My home state is one of a handful of states that provides dollar-for-dollar tax credits (up to a certain limit) for individuals and corporations that make contributions to student scholarship organizations, which in turn provide assistance to needy parents who wish to enroll their children in private schools. This program, pioneered by Arizona, withstood more than a decade of litigation before it was upheld by the Supreme Court in Arizona Christian School Tuition Organization v. Winn.
The idea behind it is that since there’s such resistance–mounted largely by teachers’ unions–to education vouchers, encouraging the formation of private organizations that funnel private money to students attending private schools would promote school choice without running afoul of the often toxic politics connected with fights over vouchers.
No such luck, as the Arizona case demonstrates.
The latest tack–or should I say “attack”?–abandons the argument, long repudiated by the Supreme Court, that vouchers or tax credits violate the First Amendment Establishment Clause. Instead of focusing on the religious character of the schools, the critics call attention to their policies regarding homosexuality.
The [Georgia] program permits individual and corporate taxpayers to divert a portion of their state taxes—a dollar-for-dollar reduction in taxes—to provide public financing to private organizations called student scholarship organizations (SSOs). In turn, these SSOs provide funds to private schools for all or part of a student’s tuition.
This program of educational tax credits is providing public financing to a large number of private schools in Georgia that have draconian anti-gay policies and practices.
There are two easy responses to this line of argument. First, until my money enters the public treasury, it’s my money. The funds going to these organizations are not public funds, but private funds. They do not constitute state support for the schools, but private support, encouraged by the state (to be sure), for needy families. As long as I’m able to give to a church that teaches traditional biblical morality, then there’s nothing wrong with my giving to an organization that provides scholarships to students attending schools that incorporate that morality in their missions.

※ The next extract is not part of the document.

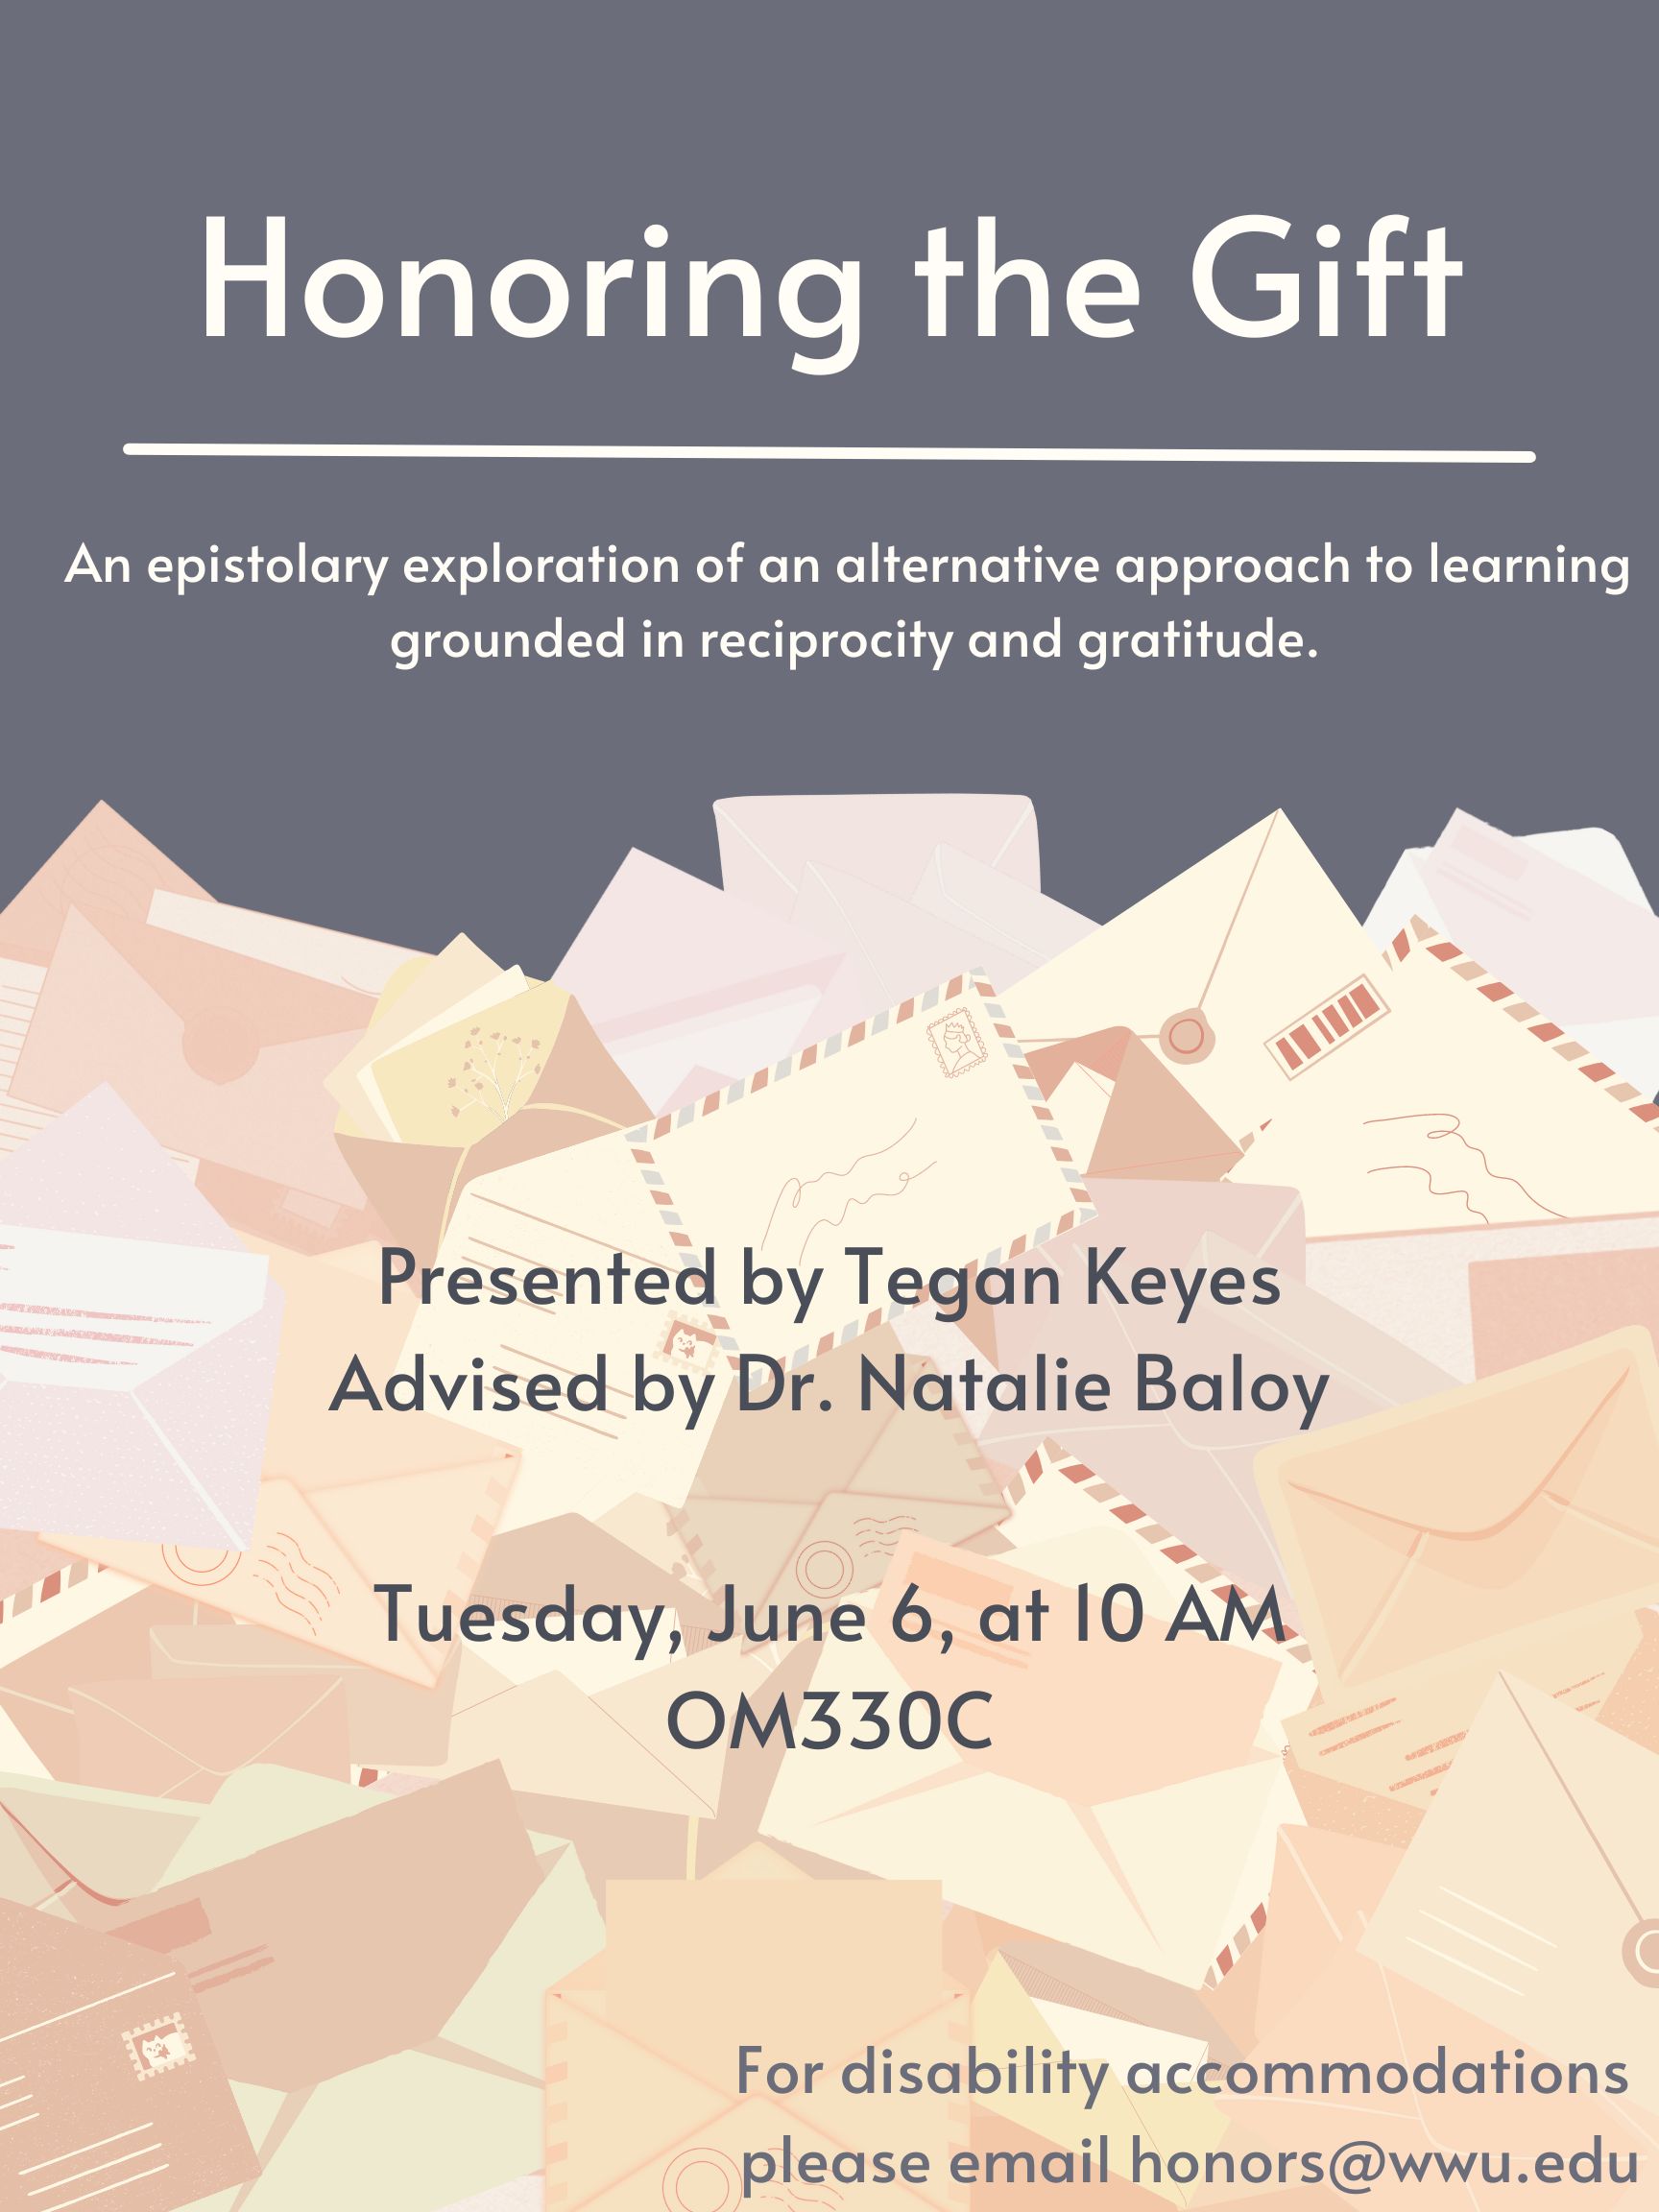 A pile of half-opened envelopes and letters against a dark gray background, with white and gray text. The text reads “Honoring the Gift: An epistolary exploration of an alternative approach to learning grounded in reciprocity and gratitude. Presented by Tegan Keyes. Advised by Dr. Natalie Baloy. Tuesday, June 6, at 10AM. OM330C. For disability accommodations, please email honors@wwu.edu.”

The argument itself operates on the assumption that any income that is potentially taxable is, in effect, public money. If so, then there is no real difference between a tax credit and a tax deduction. Following this logic, the next step would be to attack the the tax deductibility of contributions to churches that adhere to the traditional biblical teaching regarding homosexuality. I have no doubt but that there are some who would love to make this very chilling move.
This is connected to the second response: the First Amendment’s Free Exercise Clause protects the rights of religious organizations to disseminate their faith and its moral teachings. To deny people the opportunity to make a contribution to the faith of their choice is to deny their religious freedom.
We need go no further than to say that the state tax credit program is available to all eligible scholarship organizations; it does not favor one or another kind of organization. The dollars go wherever the donors direct them. In turn, the scholarships go wherever the parents direct them. It is quite a stretch to claim that this is public support of the sort asserted above.
It is, however, not at all a stretch to regard this complaint as a serious attempt to encroach upon religious liberty.